● **WHAT THIS TASK INVOLVES**: Only those lines in the data below from the line containing "DANISH TEAK SIDE" through the line containing "Here is a beautiful", both included, should be restated word for word.

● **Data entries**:

<<<<

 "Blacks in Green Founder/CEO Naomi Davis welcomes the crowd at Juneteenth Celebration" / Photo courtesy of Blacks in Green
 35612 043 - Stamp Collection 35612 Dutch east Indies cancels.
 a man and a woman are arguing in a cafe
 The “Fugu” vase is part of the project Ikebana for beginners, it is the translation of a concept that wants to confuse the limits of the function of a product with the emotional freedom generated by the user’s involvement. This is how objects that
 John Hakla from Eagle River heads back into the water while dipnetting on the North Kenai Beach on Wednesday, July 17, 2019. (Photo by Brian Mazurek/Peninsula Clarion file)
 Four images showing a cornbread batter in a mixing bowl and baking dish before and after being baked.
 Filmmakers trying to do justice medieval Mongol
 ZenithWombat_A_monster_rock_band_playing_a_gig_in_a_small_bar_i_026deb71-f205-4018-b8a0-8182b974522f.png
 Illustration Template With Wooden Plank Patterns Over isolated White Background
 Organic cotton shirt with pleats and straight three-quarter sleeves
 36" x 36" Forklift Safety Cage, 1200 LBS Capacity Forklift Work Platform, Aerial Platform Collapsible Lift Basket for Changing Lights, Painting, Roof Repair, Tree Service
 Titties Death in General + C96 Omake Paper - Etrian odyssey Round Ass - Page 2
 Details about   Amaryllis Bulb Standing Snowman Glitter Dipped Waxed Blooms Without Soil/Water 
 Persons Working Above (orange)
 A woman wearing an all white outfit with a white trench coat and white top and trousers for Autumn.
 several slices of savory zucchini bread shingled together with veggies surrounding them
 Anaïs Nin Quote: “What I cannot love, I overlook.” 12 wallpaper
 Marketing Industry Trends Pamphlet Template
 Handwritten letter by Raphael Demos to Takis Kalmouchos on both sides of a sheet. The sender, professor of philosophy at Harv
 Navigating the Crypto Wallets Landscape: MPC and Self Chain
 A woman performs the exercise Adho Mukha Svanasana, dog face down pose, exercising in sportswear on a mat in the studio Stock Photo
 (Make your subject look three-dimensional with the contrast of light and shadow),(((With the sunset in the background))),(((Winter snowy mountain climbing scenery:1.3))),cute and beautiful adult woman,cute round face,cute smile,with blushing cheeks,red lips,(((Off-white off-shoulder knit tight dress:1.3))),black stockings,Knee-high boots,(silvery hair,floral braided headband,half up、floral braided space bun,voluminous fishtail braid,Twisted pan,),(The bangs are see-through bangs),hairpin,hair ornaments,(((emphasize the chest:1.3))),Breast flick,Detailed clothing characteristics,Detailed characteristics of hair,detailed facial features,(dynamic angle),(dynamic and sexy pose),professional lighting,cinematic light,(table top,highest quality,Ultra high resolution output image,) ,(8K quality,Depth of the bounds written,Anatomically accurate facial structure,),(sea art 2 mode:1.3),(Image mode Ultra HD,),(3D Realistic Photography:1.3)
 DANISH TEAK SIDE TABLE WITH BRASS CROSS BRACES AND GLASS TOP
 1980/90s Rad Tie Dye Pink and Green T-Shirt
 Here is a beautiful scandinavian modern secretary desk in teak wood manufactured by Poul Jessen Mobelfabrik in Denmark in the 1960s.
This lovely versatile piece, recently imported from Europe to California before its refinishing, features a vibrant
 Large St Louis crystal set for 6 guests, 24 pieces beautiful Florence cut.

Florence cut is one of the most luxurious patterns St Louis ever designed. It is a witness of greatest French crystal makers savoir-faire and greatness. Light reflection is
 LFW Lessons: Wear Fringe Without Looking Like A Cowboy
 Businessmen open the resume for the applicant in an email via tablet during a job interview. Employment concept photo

>>>>

● **OUTPUT BELOW**:
 DANISH TEAK SIDE TABLE WITH BRASS CROSS BRACES AND GLASS TOP
 1980/90s Rad Tie Dye Pink and Green T-Shirt
 Here is a beautiful scandinavian modern secretary desk in teak wood manufactured by Poul Jessen Mobelfabrik in Denmark in the 1960s.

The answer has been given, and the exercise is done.